Local speech-to-text with whisper.cpp — a self-hosted Google Speech API alternative (2026)

Years ago I ran transcription through the Google Speech API. In 2026 you don't need a cloud API for that — whisper.cpp runs OpenAI's Whisper models locally on a laptop, CPU or GPU, with no keys and nothing leaving the machine. Here's the full path from clone to transcript.

TL;DR — whisper.cpp runs OpenAI’s Whisper speech-to-text models locally. Build it, download a model, convert your audio to 16 kHz mono WAV with ffmpeg, and run whisper-cli -m models/ggml-base.en.bin -f audio.wav. No API key, no upload, no per-minute charge.

This blog has a history of speech-to-text experiments — the old ones leaned on the Google Speech API. The local-model story is dramatically better now: same quality tier, zero cloud dependency.

Why local

A hosted speech API means keys, per-minute billing, and shipping (often sensitive) audio to a third party. whisper.cpp is a small, dependency-light C/C++ port of Whisper that runs the same models offline — on CPU, or accelerated with Metal (Mac) / CUDA (NVIDIA). For batch transcription, private recordings, or just avoiding a metered API, it’s the obvious default in 2026.

Build it

git clone https://github.com/ggml-org/whisper.cpp
cd whisper.cpp
cmake -B build
cmake --build build -j --config Release

The CLI lands at build/bin/whisper-cli. (Older checkouts called this binary ./main — if a guide references main, it’s the same tool under the previous name.)

On a Mac, Metal acceleration is on by default. For an NVIDIA GPU, configure with CUDA:

cmake -B build -DGGML_CUDA=1
cmake --build build -j --config Release

Get a model

Models are GGML/GGUF files you download once. The helper script fetches them into models/:

sh ./models/download-ggml-model.sh base.en

Pick the size for your accuracy/speed trade-off:

  • tiny.en / base.en — fast, fine for clean English; great on a laptop CPU.
  • small.en — a noticeable accuracy step up, still quick.
  • medium — strong, multilingual.
  • large-v3 — best quality, wants a GPU and a few GB of RAM.
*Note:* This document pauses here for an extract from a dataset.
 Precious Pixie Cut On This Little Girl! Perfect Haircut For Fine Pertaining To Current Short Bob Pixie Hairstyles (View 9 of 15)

Drop the .en suffix for the multilingual variants. Quantized builds (e.g. base.en-q5_0) cut memory with minimal quality loss.

Convert your audio

Whisper expects 16 kHz mono PCM WAV. Convert anything to that with ffmpeg:

ffmpeg -i recording.mp3 -ar 16000 -ac 1 -c:a pcm_s16le recording.wav
  • -ar 16000 — 16 kHz sample rate
  • -ac 1 — mono
  • -c:a pcm_s16le — 16-bit PCM

Transcribe

./build/bin/whisper-cli -m models/ggml-base.en.bin -f recording.wav

It prints the transcript with timestamps. Write it to files instead:

./build/bin/whisper-cli -m models/ggml-base.en.bin -f recording.wav \
  -otxt -osrt -ovtt -oj
  • -otxt plain text · -osrt SRT subtitles · -ovtt WebVTT · -oj JSON (with word timing).
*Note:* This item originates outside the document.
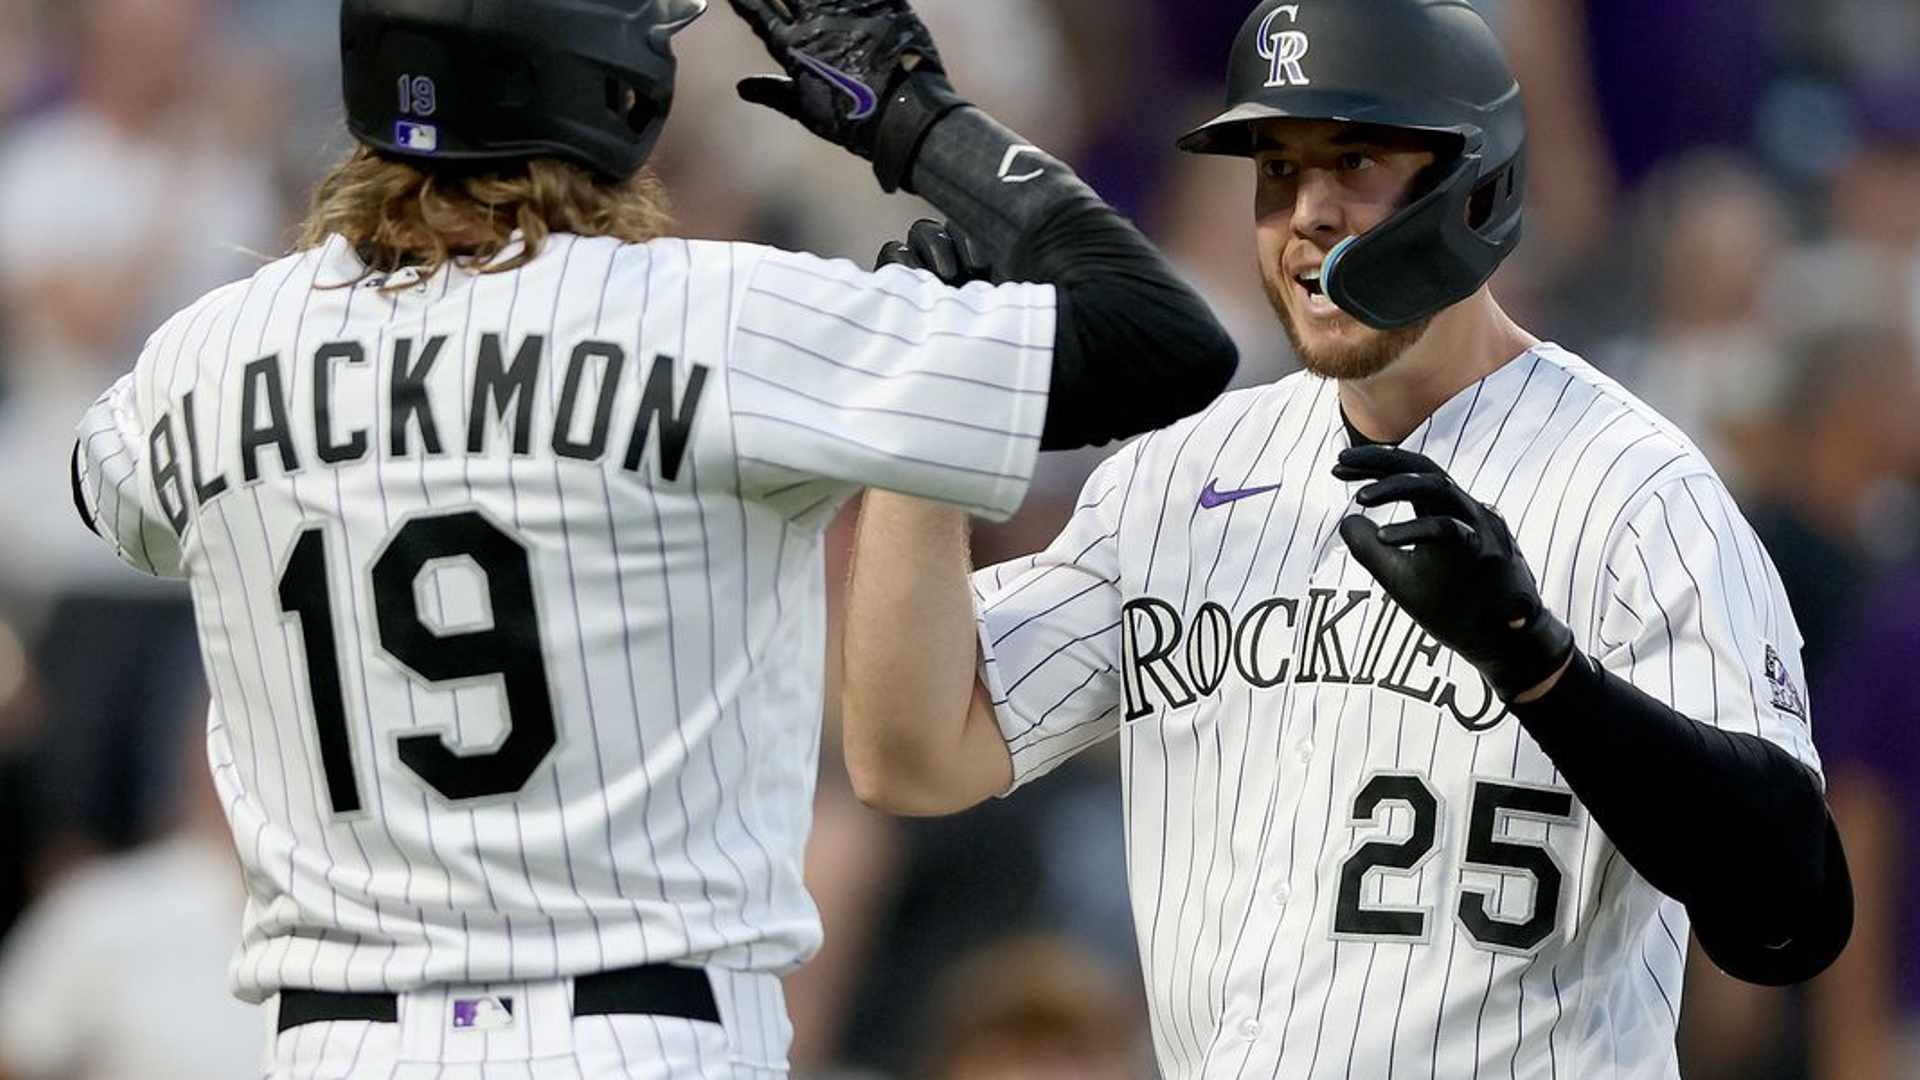 Rockies vs Padres MLB Live Stream, Schedule, Lineups, 13 July 2022

For non-English audio, use a multilingual model and set the language (or let it auto-detect):

./build/bin/whisper-cli -m models/ggml-medium.bin -l da -f optagelse.wav
# -l auto  to detect automatically; add --translate to render English

Speed notes

  • tiny/base transcribe faster than real time on a modern laptop CPU. large-v3 wants a GPU to be comfortable.
  • Long file? Whisper chunks internally, but you can pre-split with ffmpeg -f segment for parallelism across cores.
  • --threads N tunes CPU usage; Metal/CUDA builds offload the heavy matmuls automatically.

FAQ

Is this the same model as OpenAI’s Whisper?

Yes — whisper.cpp runs the released Whisper weights (converted to GGML/GGUF). The output quality matches the corresponding model size; only the runtime differs.

Do I need a GPU?

No. tiny/base/small are perfectly usable on CPU. A GPU mainly helps with medium/large and long batches.
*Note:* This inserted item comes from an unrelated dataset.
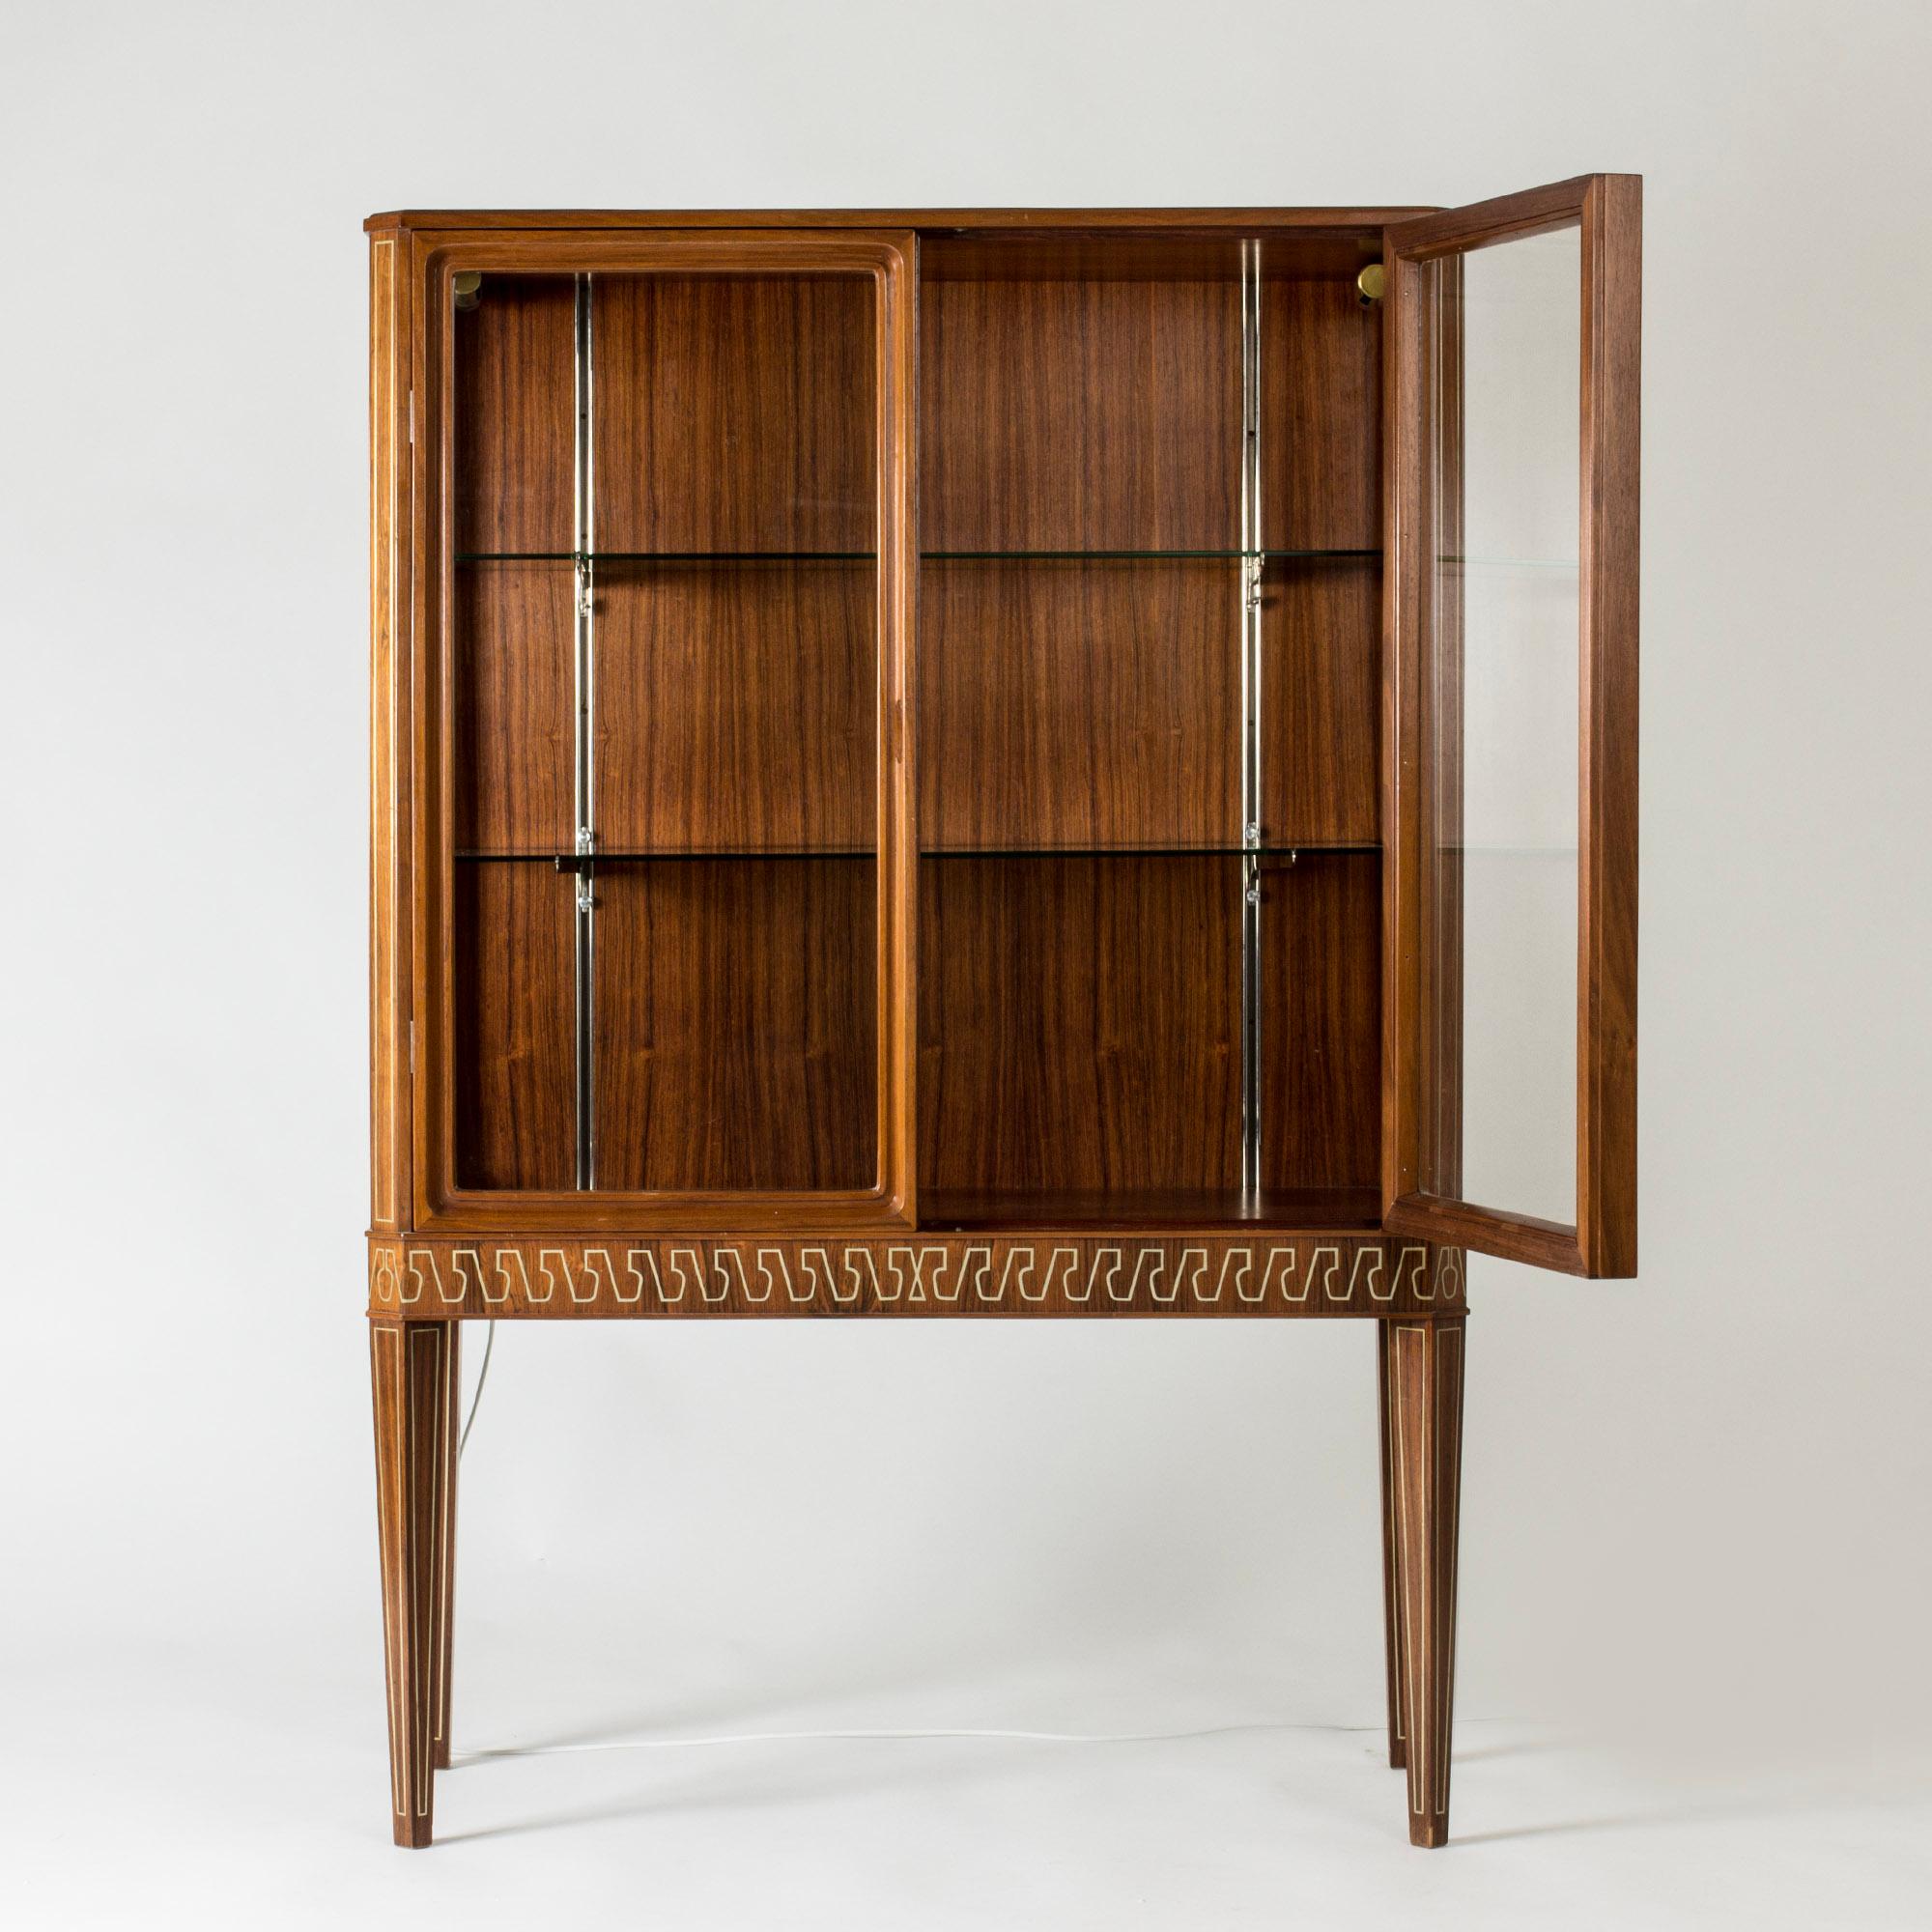 Beautiful Swedish Modern vitrine cabinet, made from rosewood with glass fronts. Elegant, graphic inlayed band along the bottom edge, made in brass. Brass decor on the legs and corners. Perfect for a cherished collection of beautiful things.

How accurate is it versus a cloud speech API?

For clean audio, small.en and up is competitive with the major hosted APIs, and large-v3 generally beats them — with the bonus that nothing leaves your machine.

Can it do live/streaming transcription?

There’s a stream example in the repo that does near-real-time from a microphone. It’s rougher than batch mode but works for live captions.

Summary

  • Build whisper.cpp, download a model with download-ggml-model.sh.
  • Convert audio to 16 kHz mono WAV with ffmpeg.
  • whisper-cli -m models/ggml-base.en.bin -f audio.wav — local, key-free transcription.
  • Scale the model size to your hardware; use -l/--translate for other languages.